The Minister is more than aware of submissions from the interested parties in the course of the consultation and I mention two with which I have particular sympathy. The first refers to a situation where the public contracts go to adjudication and a decision in favour of an award is made. The suggestion is that to safeguard taxpayers in the case of public projects the payee, rather than accept the award, must purchase a bond to guarantee they will be able to repay the money if the court subsequently reverses the decision. That is not a bond such as the one somebody would get at the start of a building contract. In this case the full amount must be lodged. Effectively, that wipes out the value of the legislation for public contracts as the award is cancelled out by the necessity to lodge the bond. In fact, the situation will be worse for contractors doing public work than it is now because their subcontractors will be covered by the legislation, including stage payments, dispute resolution and so on, but they will not be covered.

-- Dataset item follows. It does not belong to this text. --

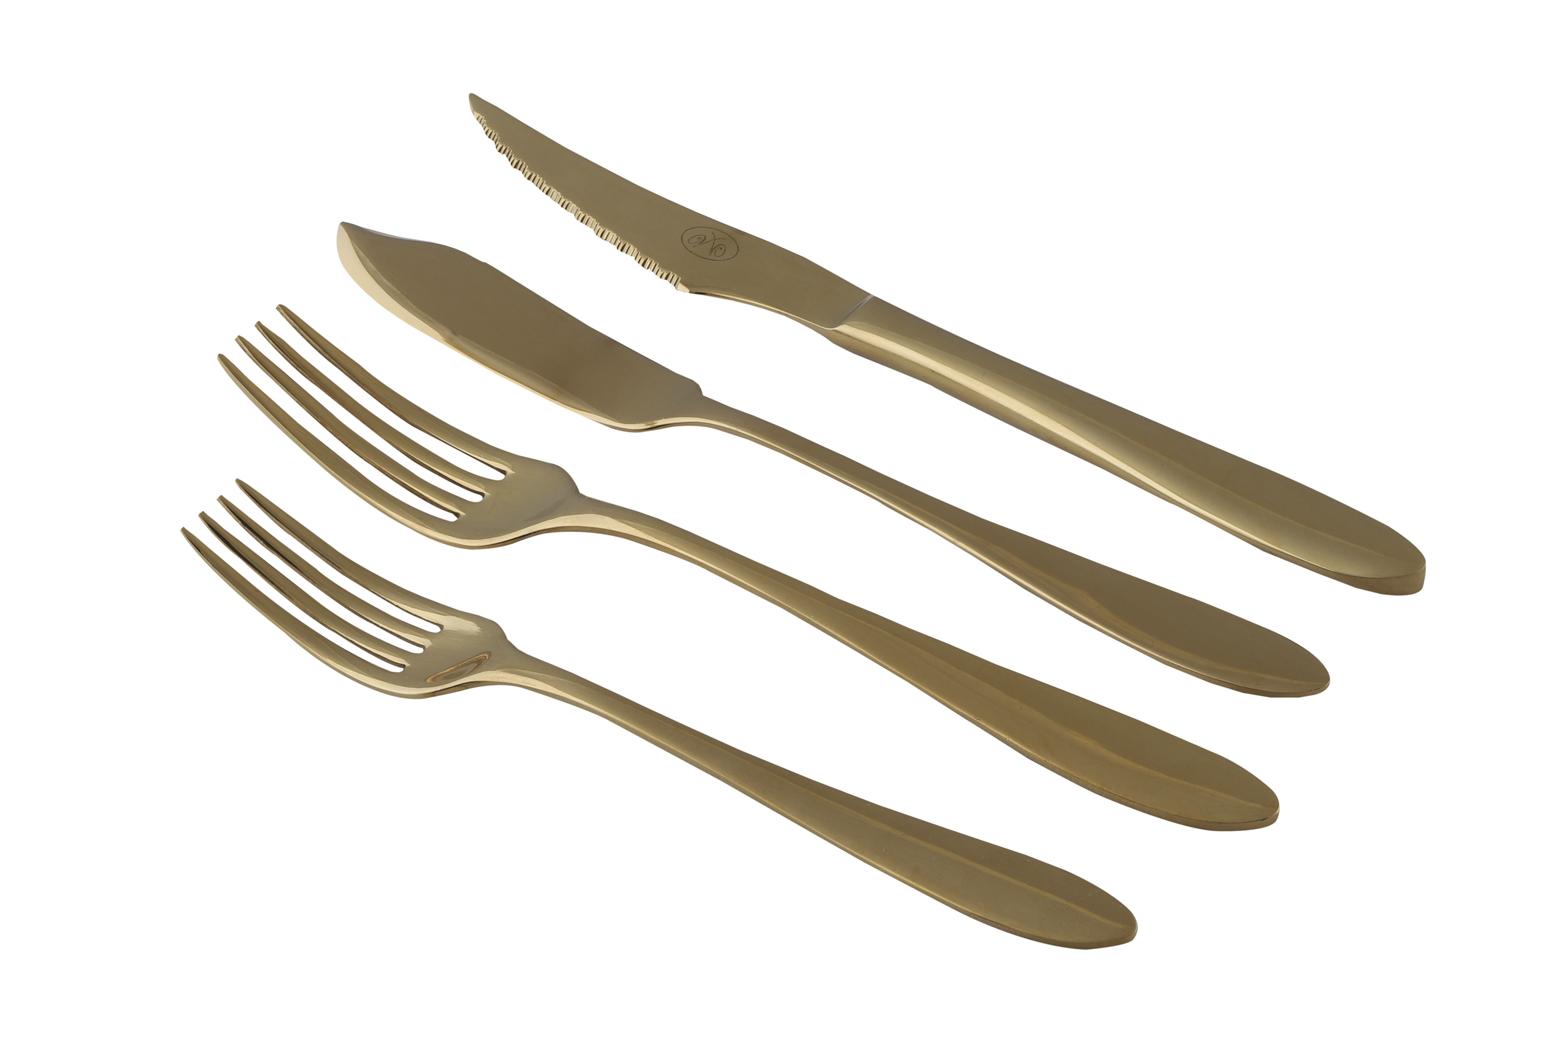 Tenedor postre, trinchero, pala pescado y cuchillo dorados

The suggested alternative coming from the industry, and which is probably a good idea, recognises the need to protect taxpayers’ money but that the payer would go to court when they wish to withhold enforcement of the adjudicator’s decision. However, they must establish that there is a genuine likelihood that the money would not be paid. That is an acceptable and reasonable solution. It does not penalise all public contractors and to do so would only increase the cost of contracts to the public purse and to the taxpayer because the cost of it would be built into tender prices.
The second submission, which many speakers mentioned it, is from the Irish Concrete Federation whose members fear they will not be covered by the term “bespoke supplies”, in respect of which the Minister intends to table an amendment. It is clear that manufactured concrete goods and poured concrete by their very nature are unable to be retrieved, resold or reused in the event of a non-payment and therefore that should be covered.
I welcome the legislation but the need for a review of this area must be built into it. Much of the legislation we are introducing is in the aftermath of a crisis and, inevitably, the type of measures we put in place are influenced by our own mindset in the aftermath of a crisis. It is important, therefore, that we review legislation such as the legislation before the House to ensure it is robust in good and bad times and testing the adequacy and efficacy of the measures is vital. We must include in the legislation some provision that there would be gathering of the type of data necessary to review and analyse the impact of the legislation.
Several speakers mentioned the need for other legislation and an examination of other aspects of this industry, including possible collusion in the concrete industry. I do not know about that but it is something the Competition Authority should be asked to examine to determine if there is evidence of that. Any builder or construction firm one speaks to raises the problems associated with the fixed price contracts introduced in the context of the Celtic tiger where projects ran over by huge amounts in many cases and the response was the fixed price contract which probably went too far in the other direction. That must be examined because from having been in a situation where builders could name any price at one stage they are now not paid for extras or any changes the client may make. There is a need to strike a balance and examine that legislation again. It was introduced in unusual times and we may need to examine it in a calmer time.